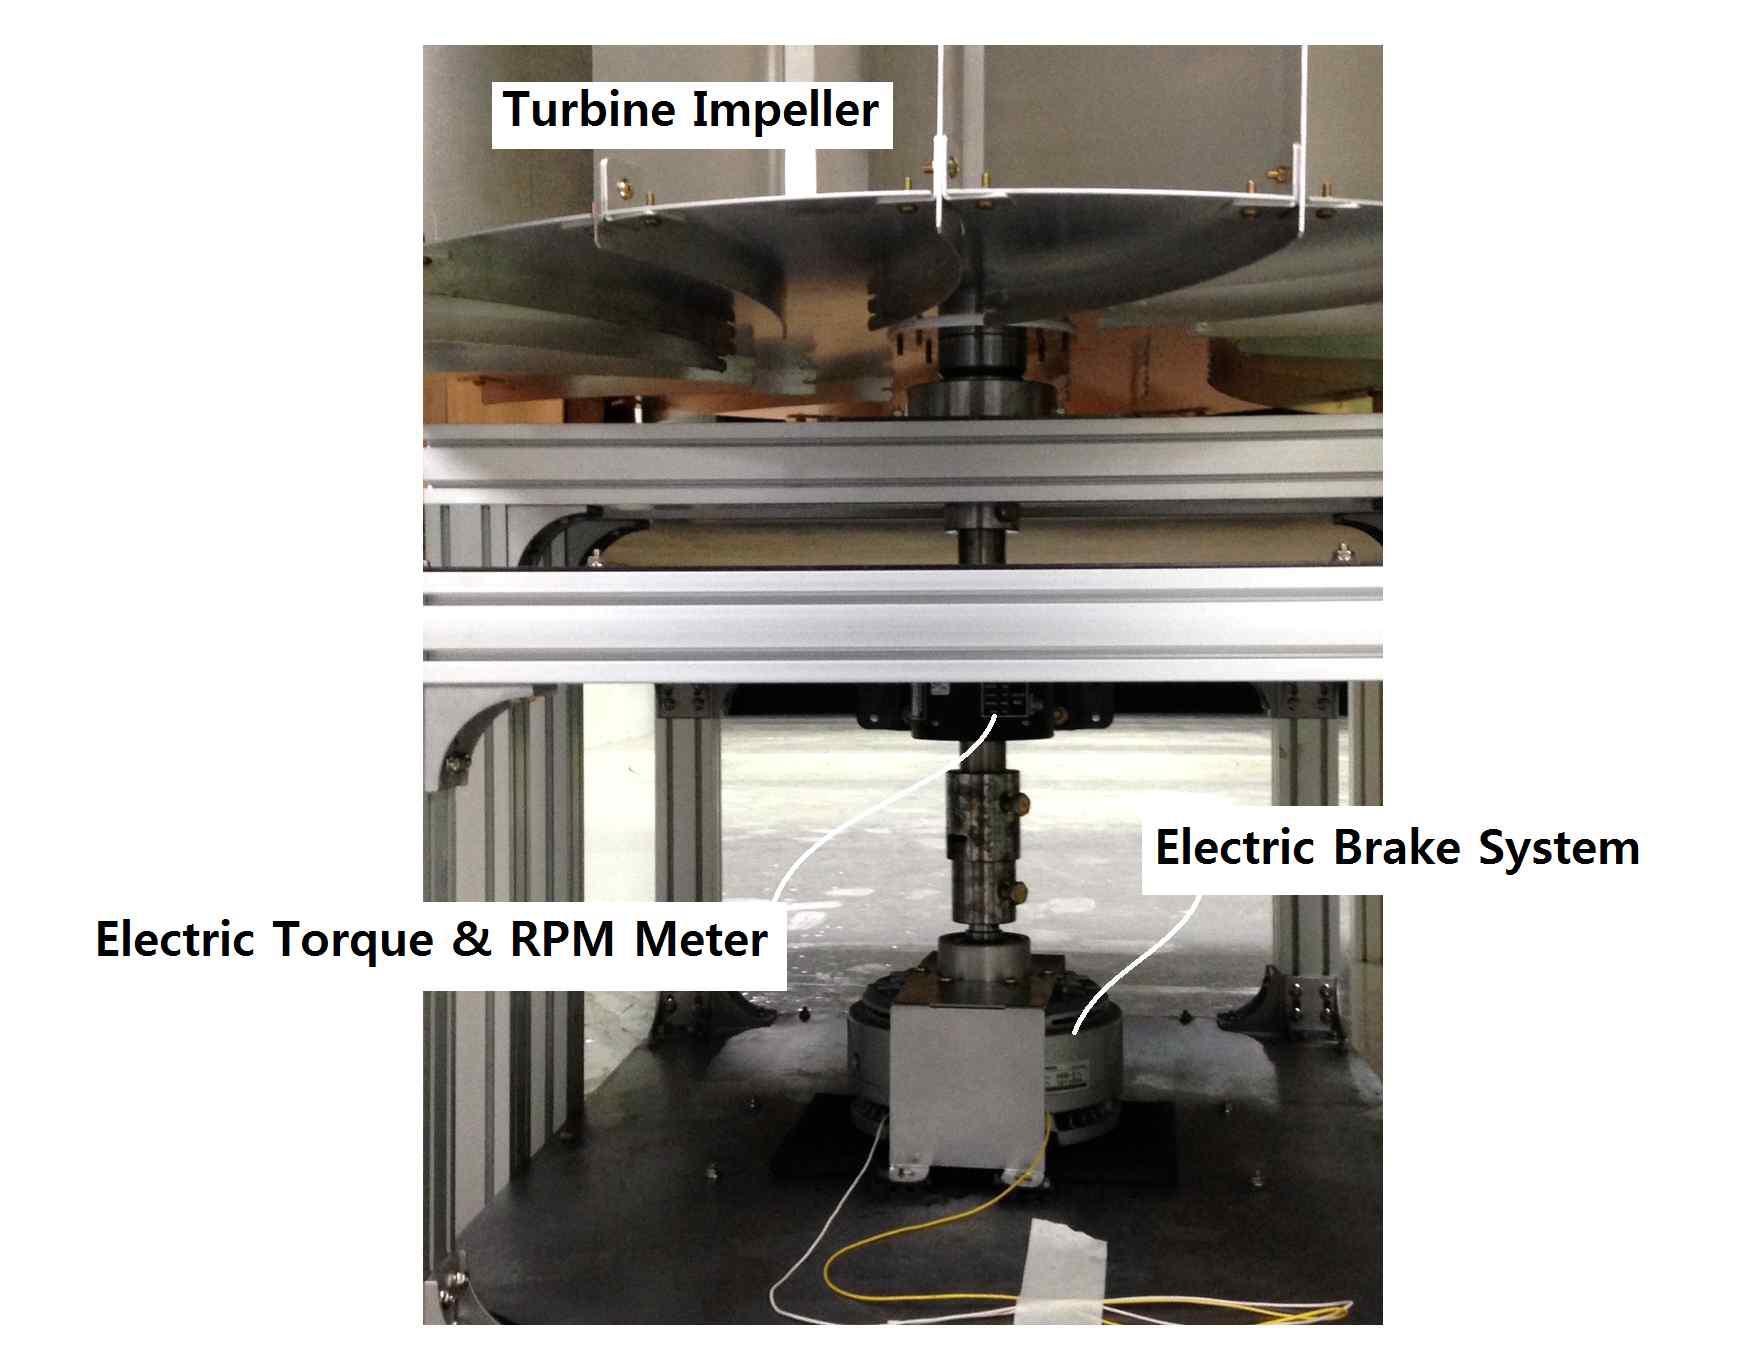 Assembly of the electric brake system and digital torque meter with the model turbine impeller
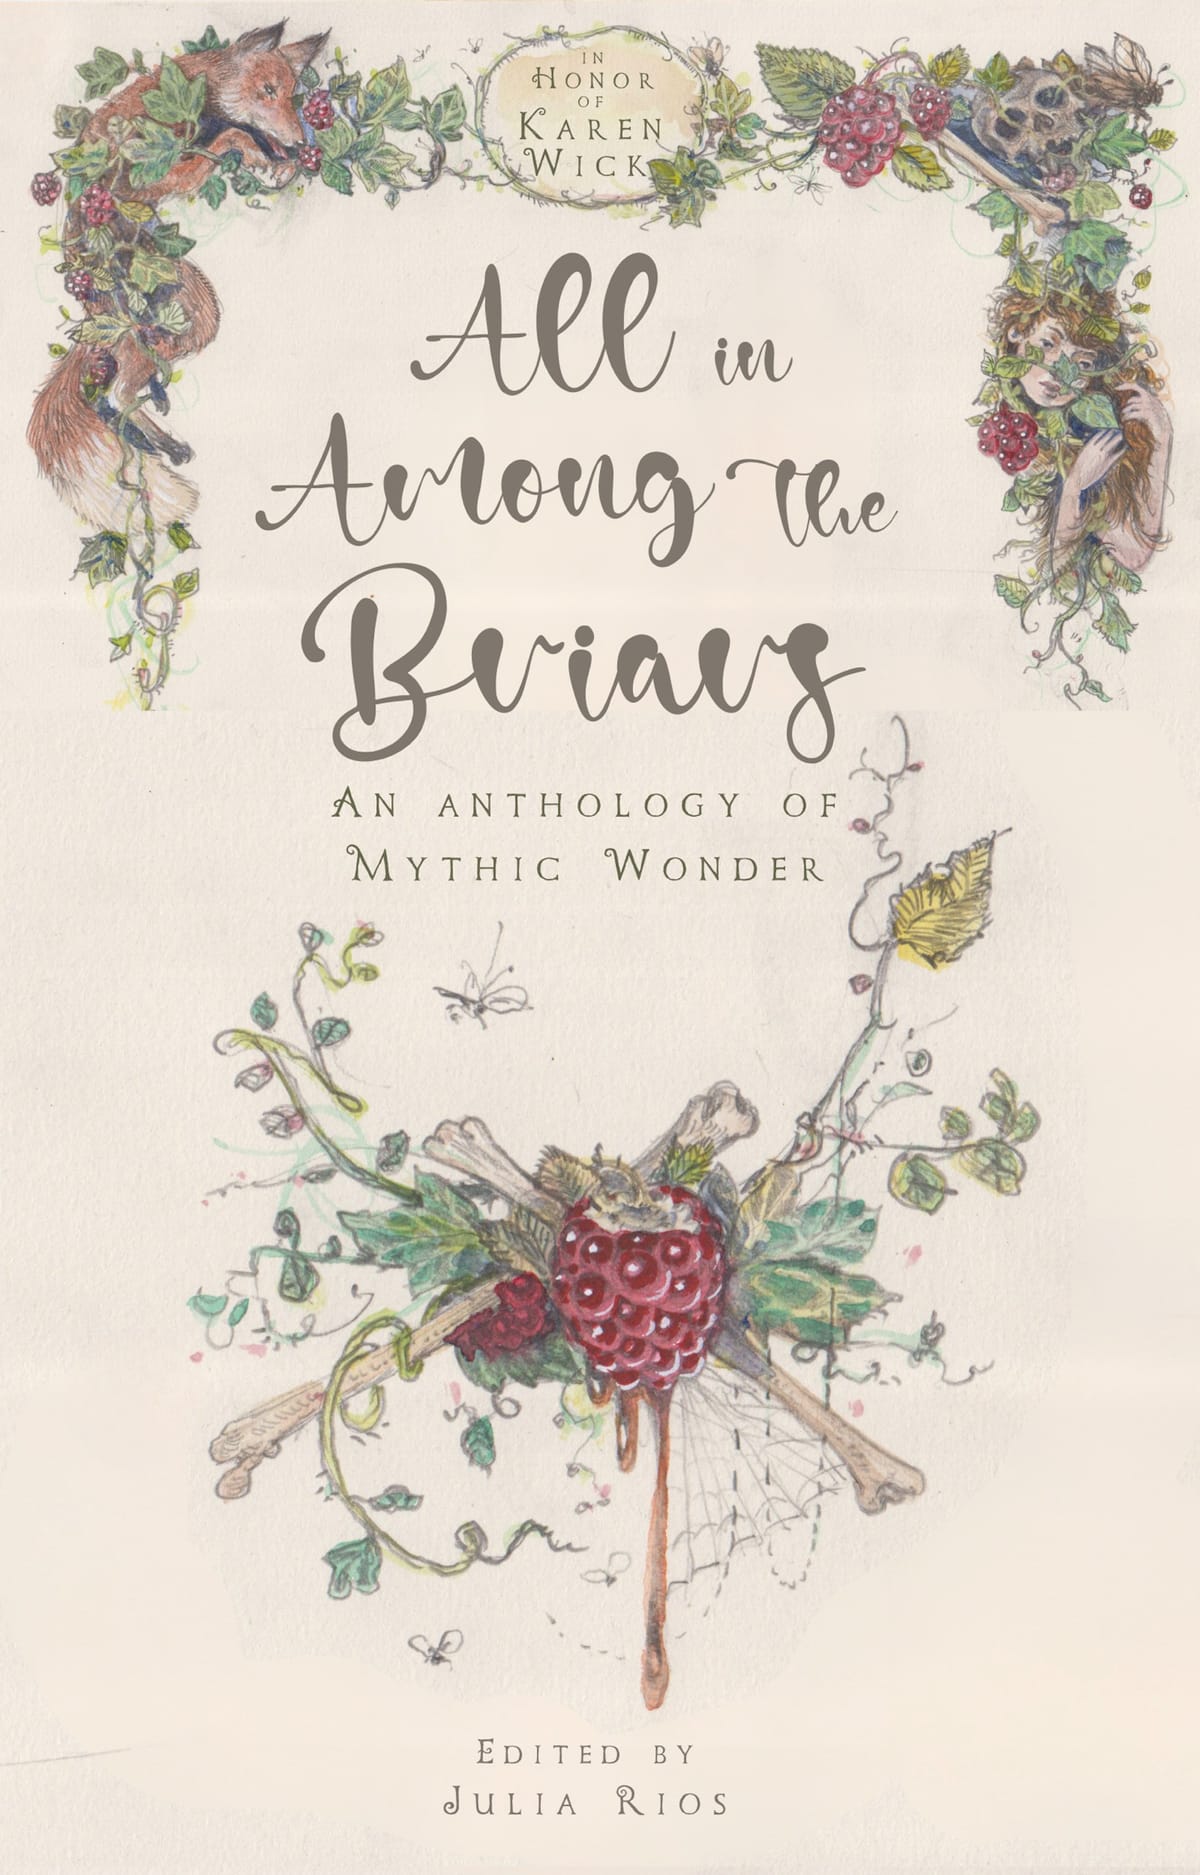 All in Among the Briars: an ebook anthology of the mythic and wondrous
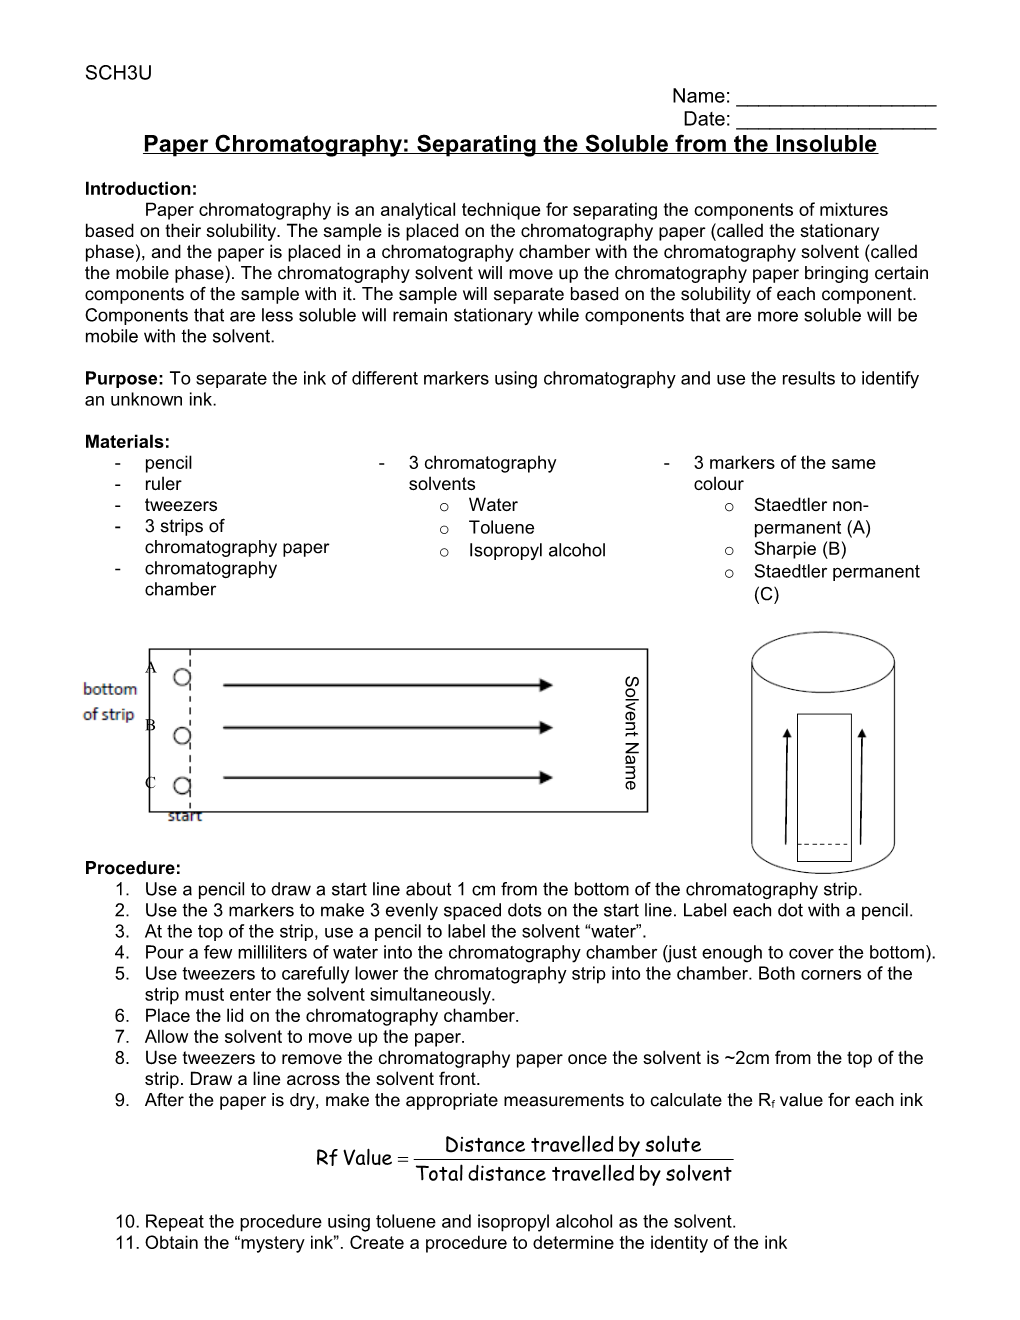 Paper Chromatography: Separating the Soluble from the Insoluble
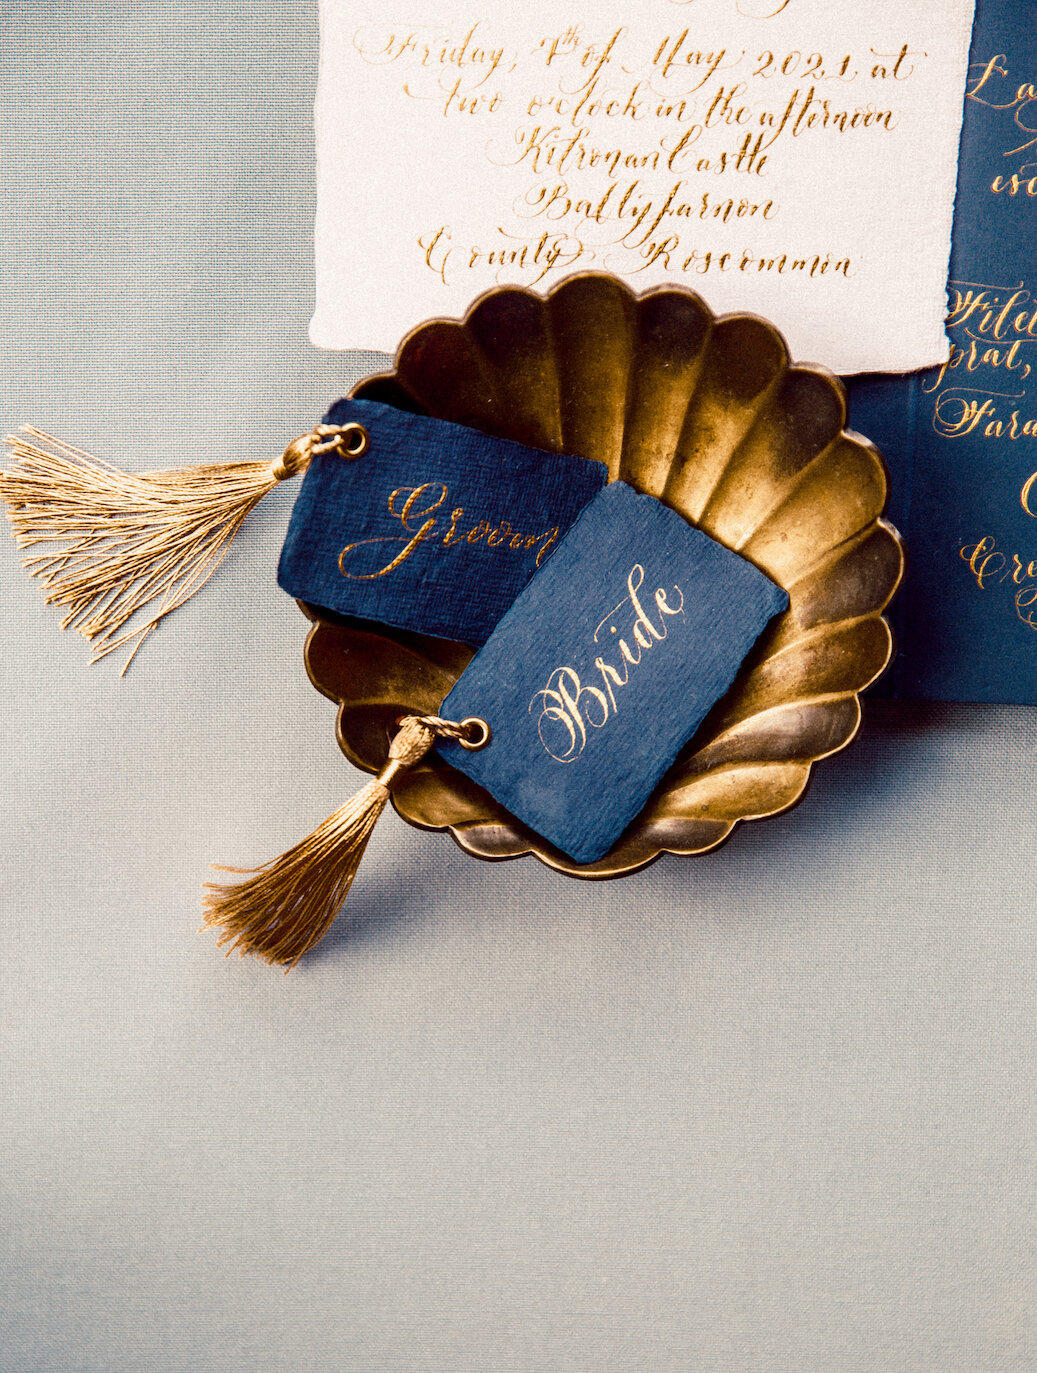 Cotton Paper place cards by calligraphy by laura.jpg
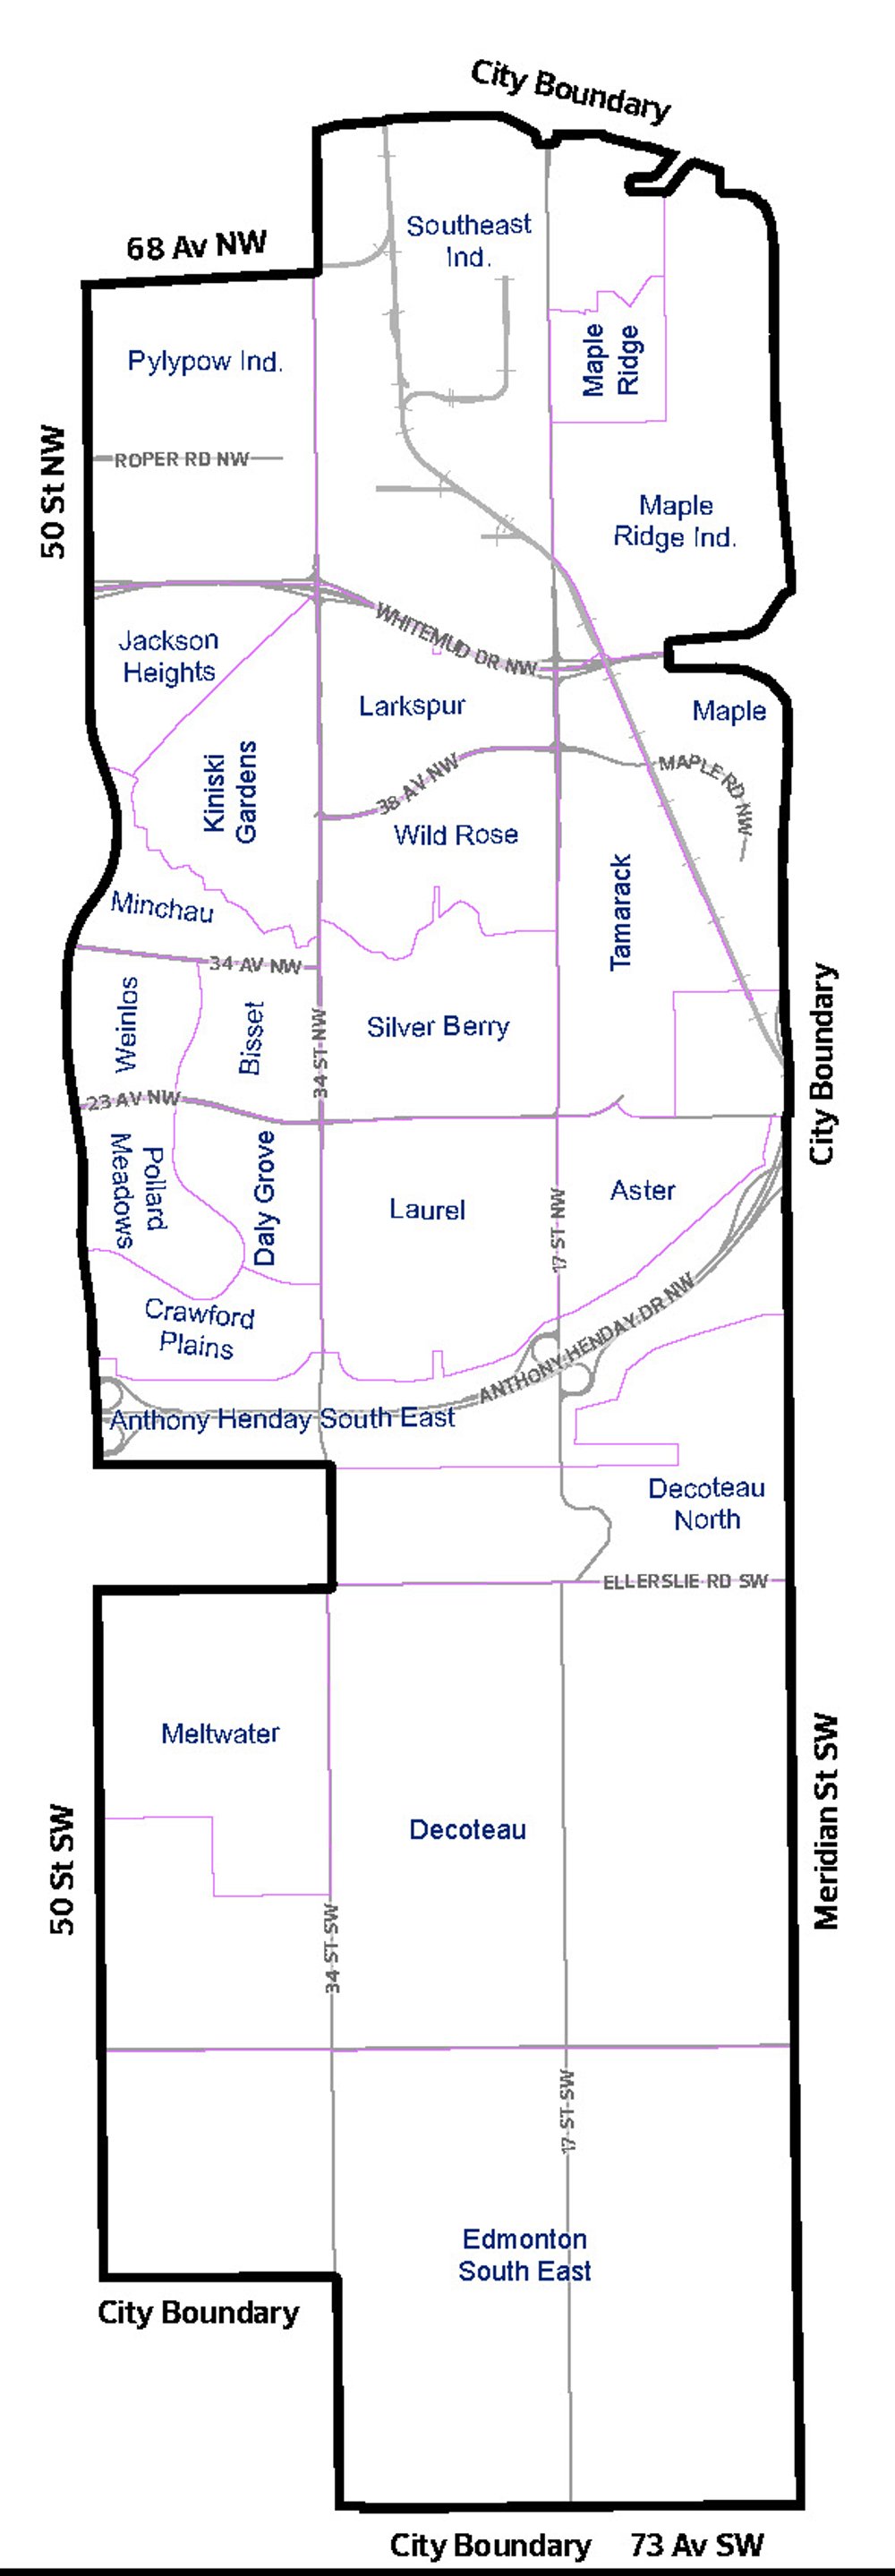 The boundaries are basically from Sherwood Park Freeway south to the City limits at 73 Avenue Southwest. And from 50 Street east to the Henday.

※

▶ Work task:
The expected output is the full data above, reproduced exactly with no images.

▶ Result of the exercise:
 Assembly of the electric brake system and digital torque meter with the model turbine impeller
 All in Among the Briars: an ebook anthology of the mythic and wondrous
 Paper Chromatography: Separating the Soluble from the Insoluble
 Cotton Paper place cards by calligraphy by laura.jpg
 The boundaries are basically from Sherwood Park Freeway south to the City limits at 73 Avenue Southwest. And from 50 Street east to the Henday.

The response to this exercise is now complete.